• Task item: Using the entries below, copy exactly each line from the line with "Fighting Equipment - FighterCulture" up to and including the line with "san francisco rackspace", with every picture left out.

• Data:
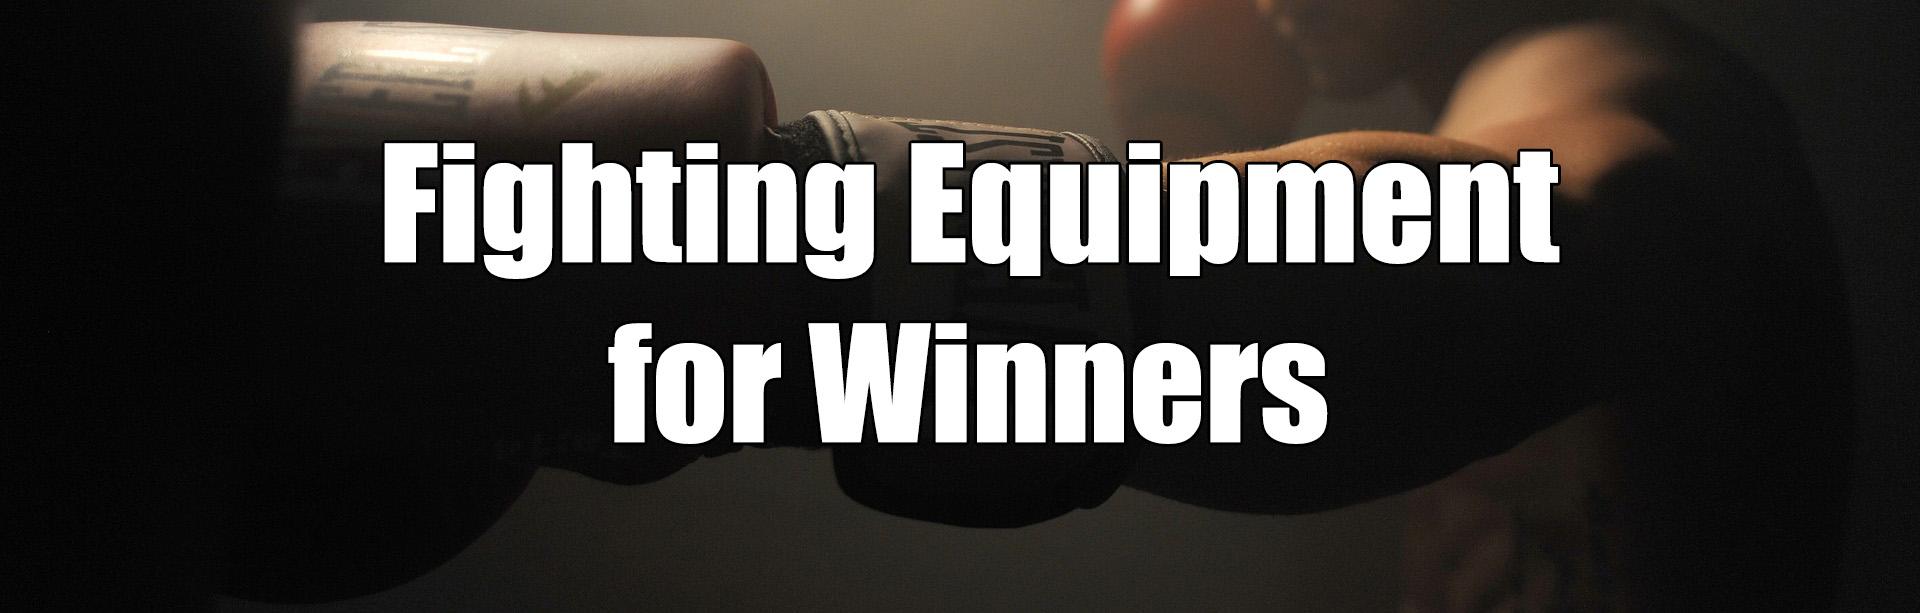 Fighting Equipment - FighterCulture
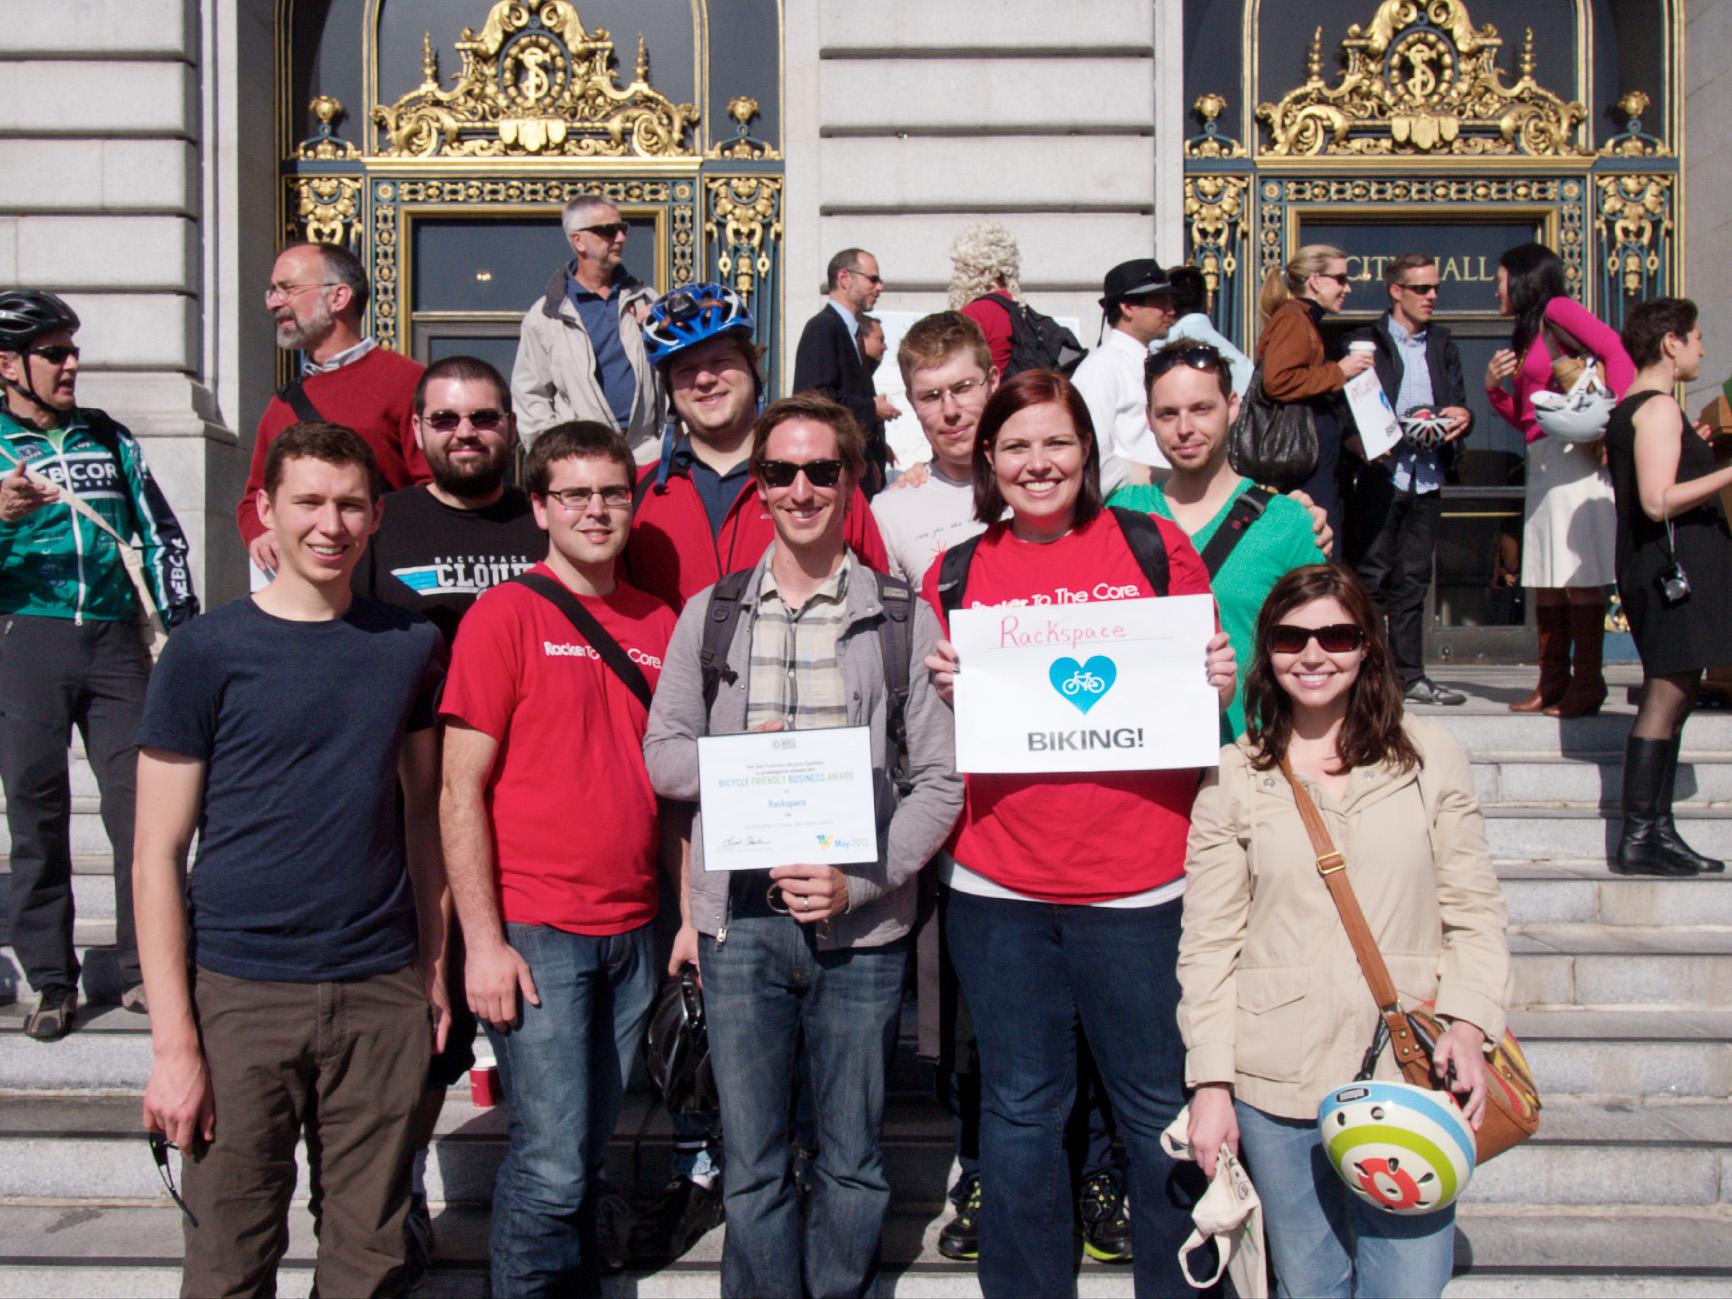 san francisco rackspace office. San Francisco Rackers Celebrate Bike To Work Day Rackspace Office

...

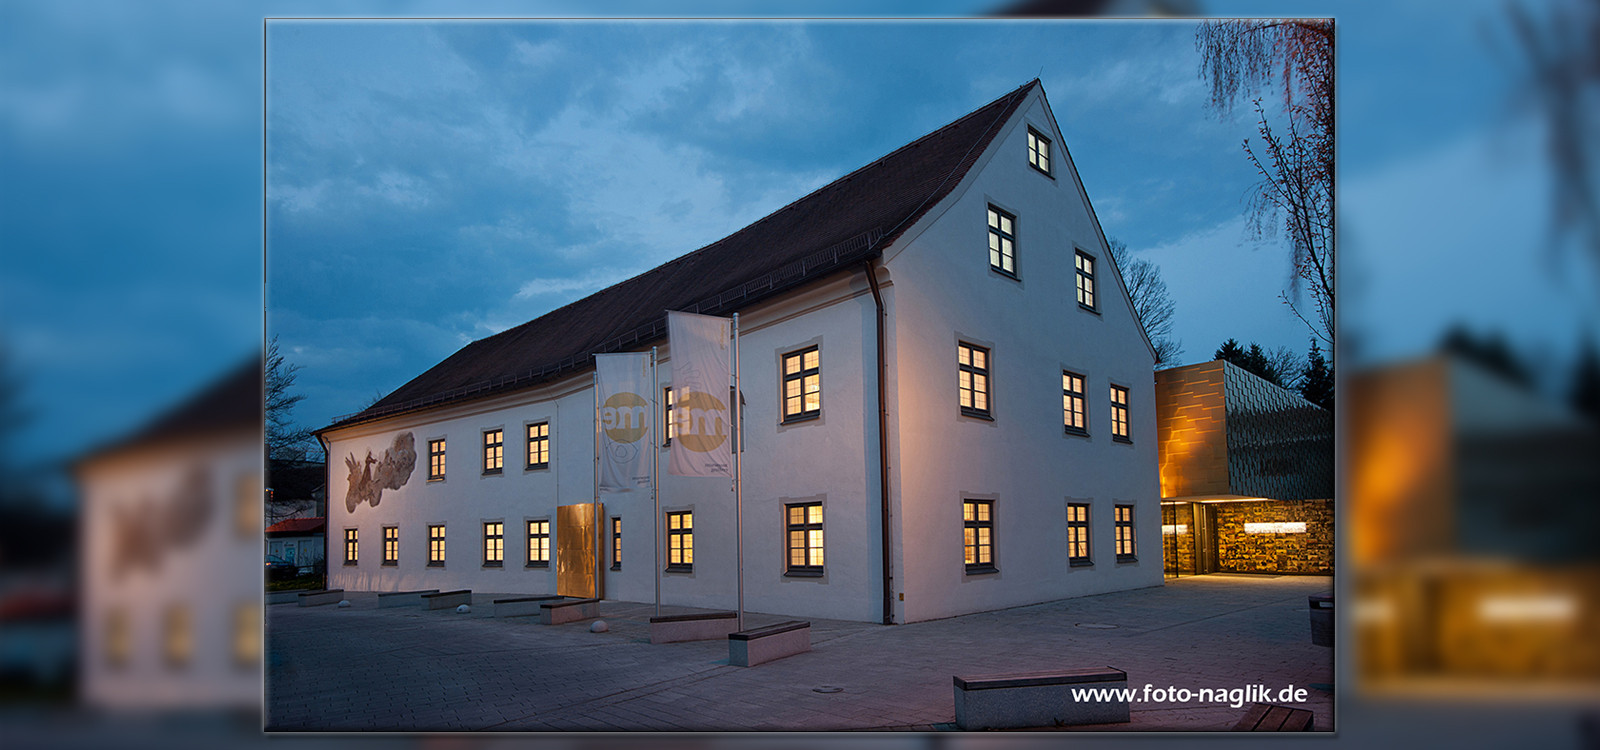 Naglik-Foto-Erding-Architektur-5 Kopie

...

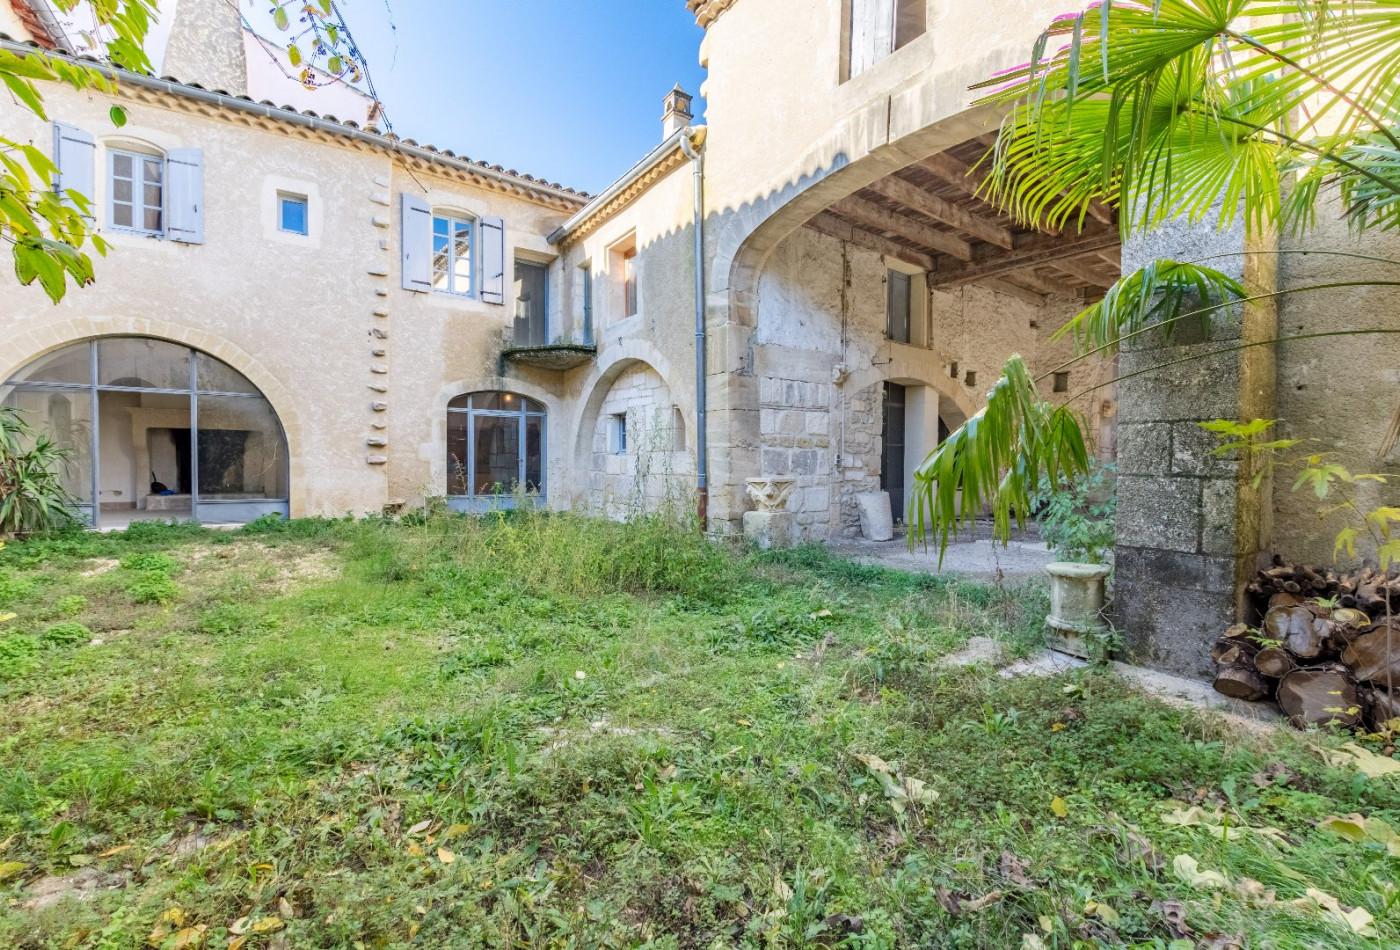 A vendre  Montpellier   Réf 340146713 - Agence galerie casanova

• Answer to the exercise:
 Fighting Equipment - FighterCulture
 san francisco rackspace office. San Francisco Rackers Celebrate Bike To Work Day Rackspace Office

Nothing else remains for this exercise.